No of ways ?

**banku12** · March 29th 2010, 01:10 AM

$\\\textup{In how many ways can one fill a 4X4 matrix with }\pm1\\$
$\textup{so that the product of the entries in each row and each column is equal to -1 ?}$

**tonio** · March 29th 2010, 05:07 AM

Originally Posted by banku12

$\\\textup{In how many ways can one fill a 4X4 matrix with }\pm1\\$
$\textup{so that the product of the entries in each row and each column is equal to -1 ?}$

This doesn't seem a hard problem, does it?
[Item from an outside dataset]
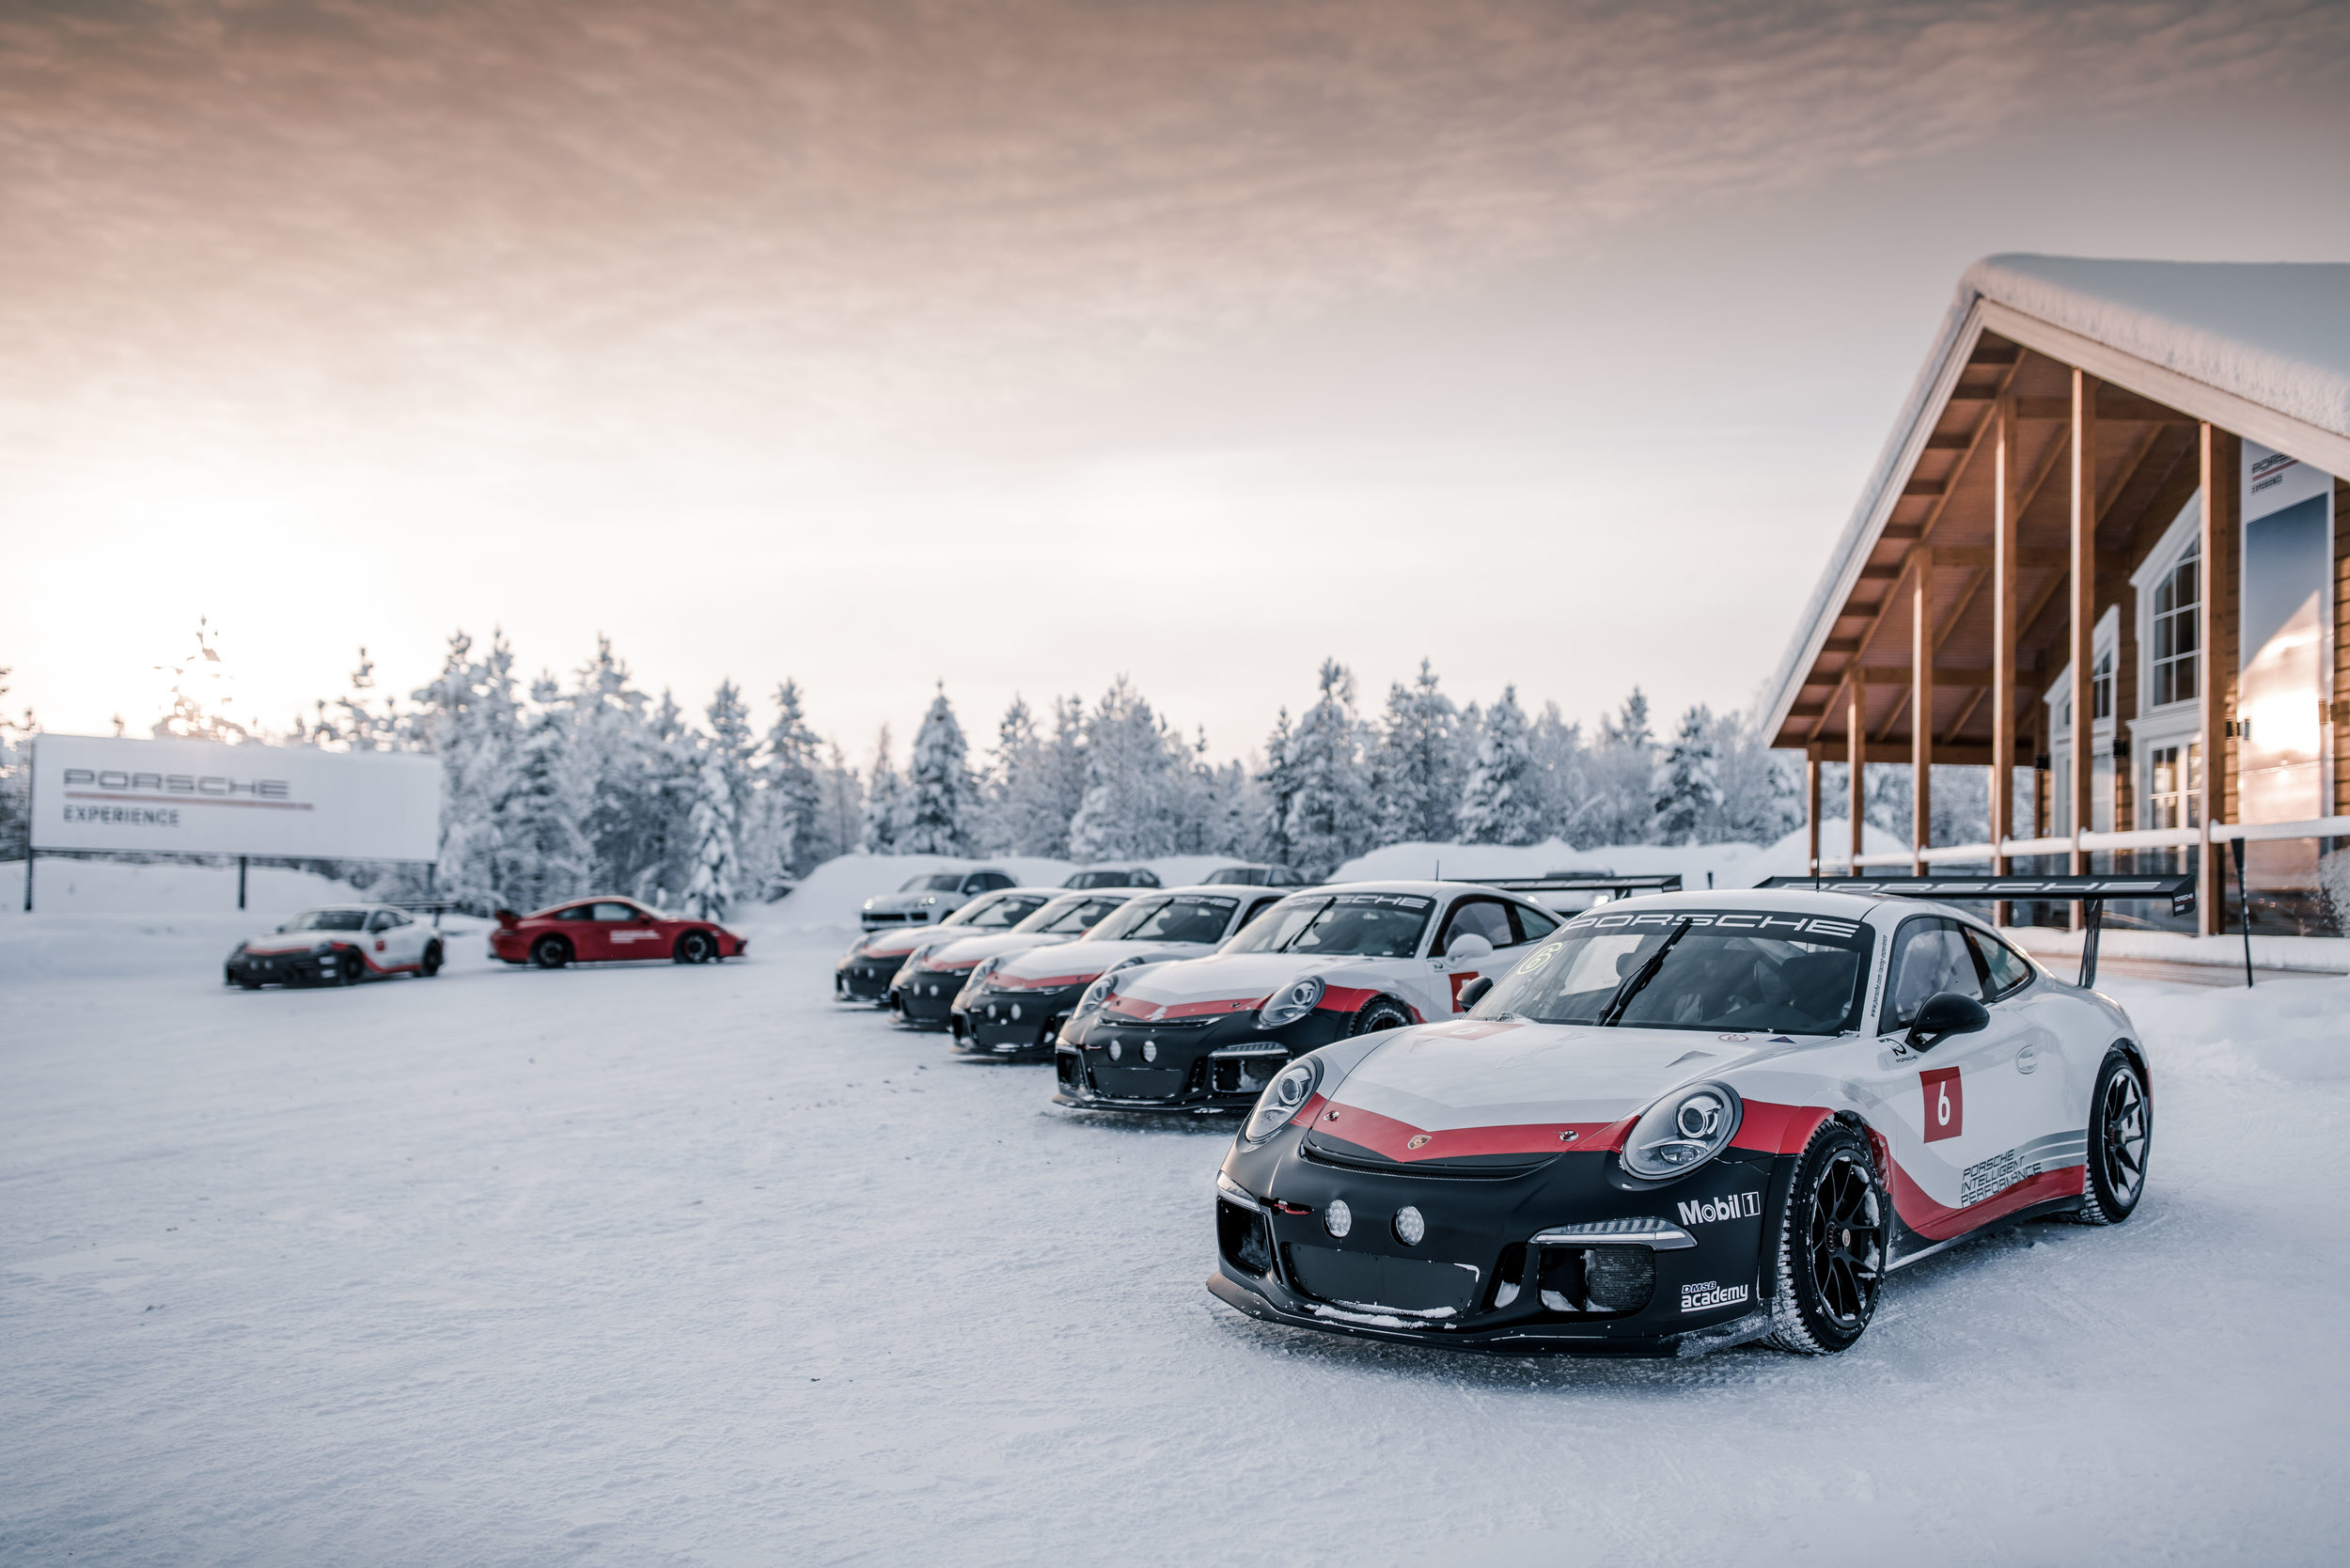 Porsche Ice Experience on Ice_30_01_2019_1589_175846.jpg

It can be long and annoying, but the algorithm to follow seems very clear: in every row-column there must be either 1 or three -1's...well, try some combinations by yourself .

Tonio

**Plato** · March 29th 2010, 08:43 AM

Originally Posted by banku12

$\\\textup{In how many ways can one fill a 4X4 matrix with }\pm1\\$
$\textup{so that the product of the entries in each row and each column is equal to -1 ?}$

Put a + in each column in such that no row has more than one +. $\begin{array}{*{20}c} - & + & - & - \\ - & - & - & + \\ + & - & - & - \\ - & - & + & - \\ \end{array}$ .
That is one way to do this. And that can be one of $4!=24$ ways.
Now, change each + to – and each – to plus. How many ways do you have?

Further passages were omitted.